Secondly, given that the positive impact of digitization on industrial pollution reduction in central and western regions as well as regions with low economic development levels has yet to be fully explored and deepened, this underscores the necessity of implementing differentiated and precision-oriented digitization strategies in these areas. By formulating and implementing targeted digitalization policies, we can more effectively leverage digital technologies as “key tools” for industrial pollutant reduction, thereby achieving more significant emission reduction results in these regions, promoting green transformation of industrial production, and fostering sustainable development.

Thirdly, digitalization facilitates the internal driving force for reducing industrial pollutant emissions by promoting green innovation and industrial transformation and upgrading. This substantiates the notion that the convergence of digitalization, green innovation, and industrial transformation and upgrading can generate novel impetus for green economic development, thereby playing a pivotal role in pollution reduction and environmental enhancement in the contemporary era. In the realm of digitalization, emphasis should be placed on key core technologies, as well as the allocation of data element resources and other related tasks.

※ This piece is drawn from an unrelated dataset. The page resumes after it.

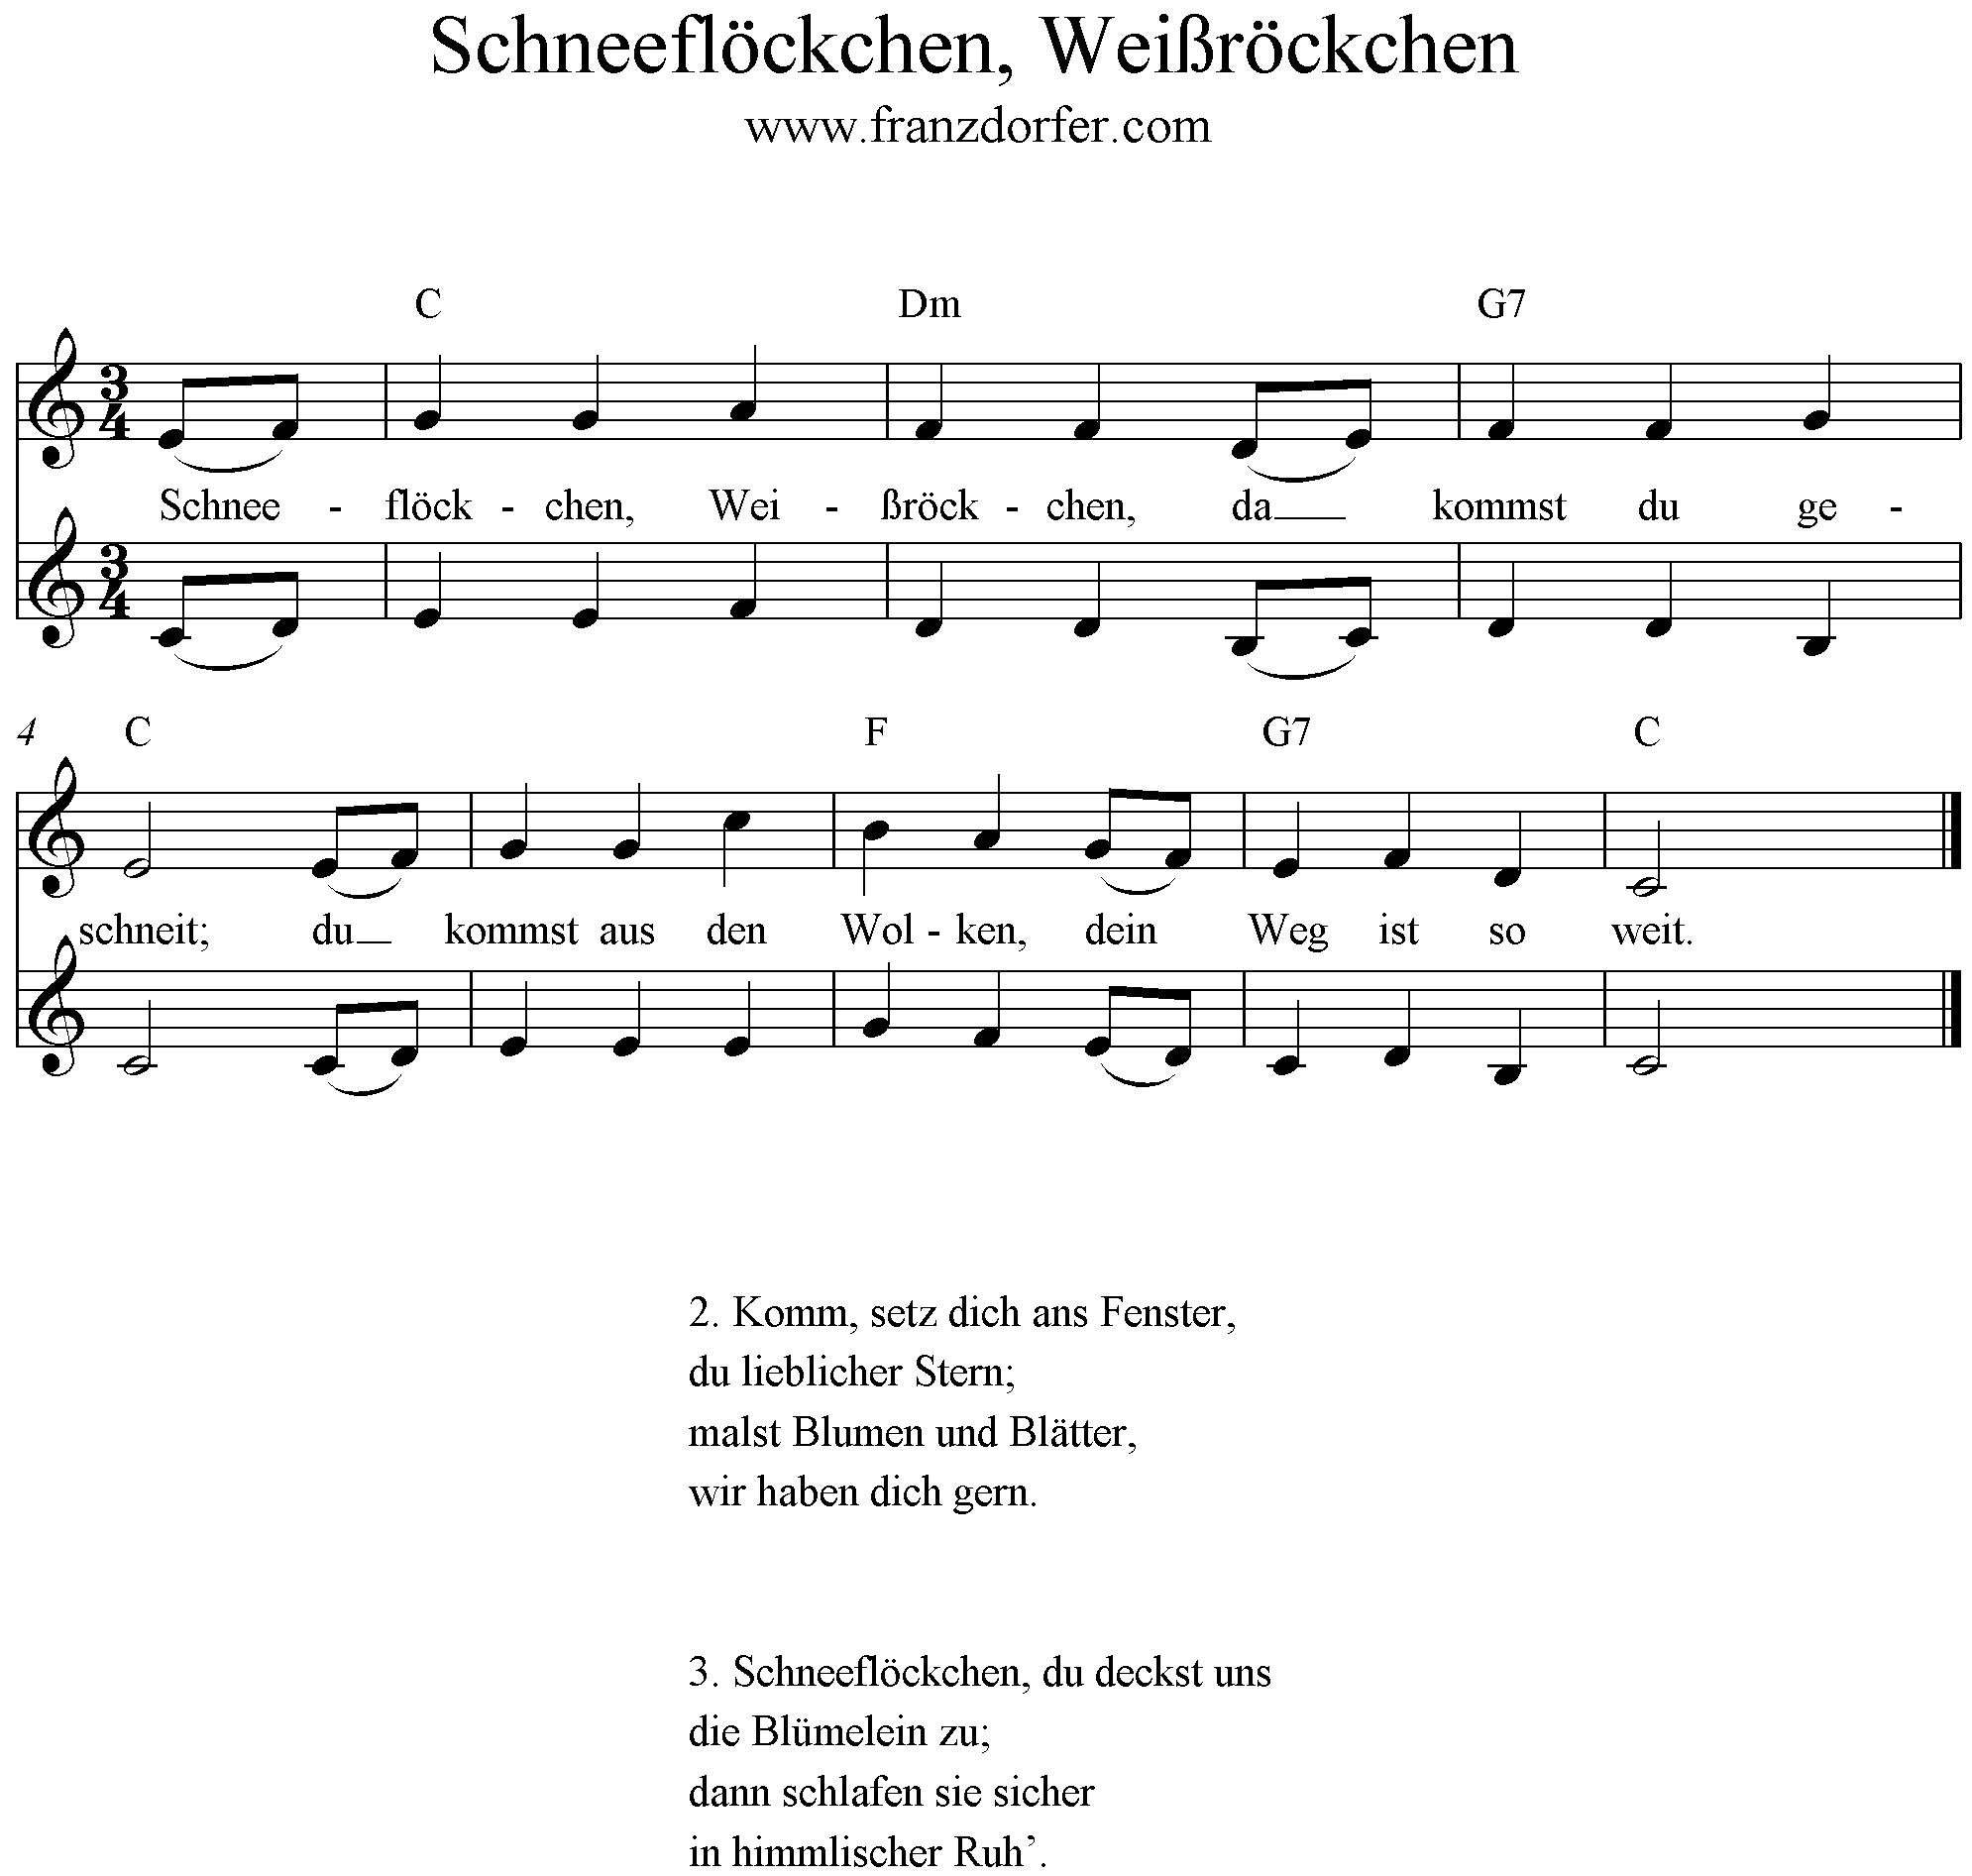 Schneeflöckchen Weißröckchen Liedtext

Fourthly, given the significant spillover effect of digitization in spatial layout, it is urgent for regions to strengthen cross-regional collaborative development strategies in digitization. The core objective of this strategy is to continuously deepen the process of digitalization construction in various regions, thus fully unleashing the potential power of digitization in spatial optimization. Through this cross-regional collaborative model, we can efficiently promote the reduction of industrial pollutants, laying a solid foundation for building a green and low-carbon industrial development path. This not only helps to improve the environmental protection level of industrial production but also provides strong technical support for achieving sustainable development goals.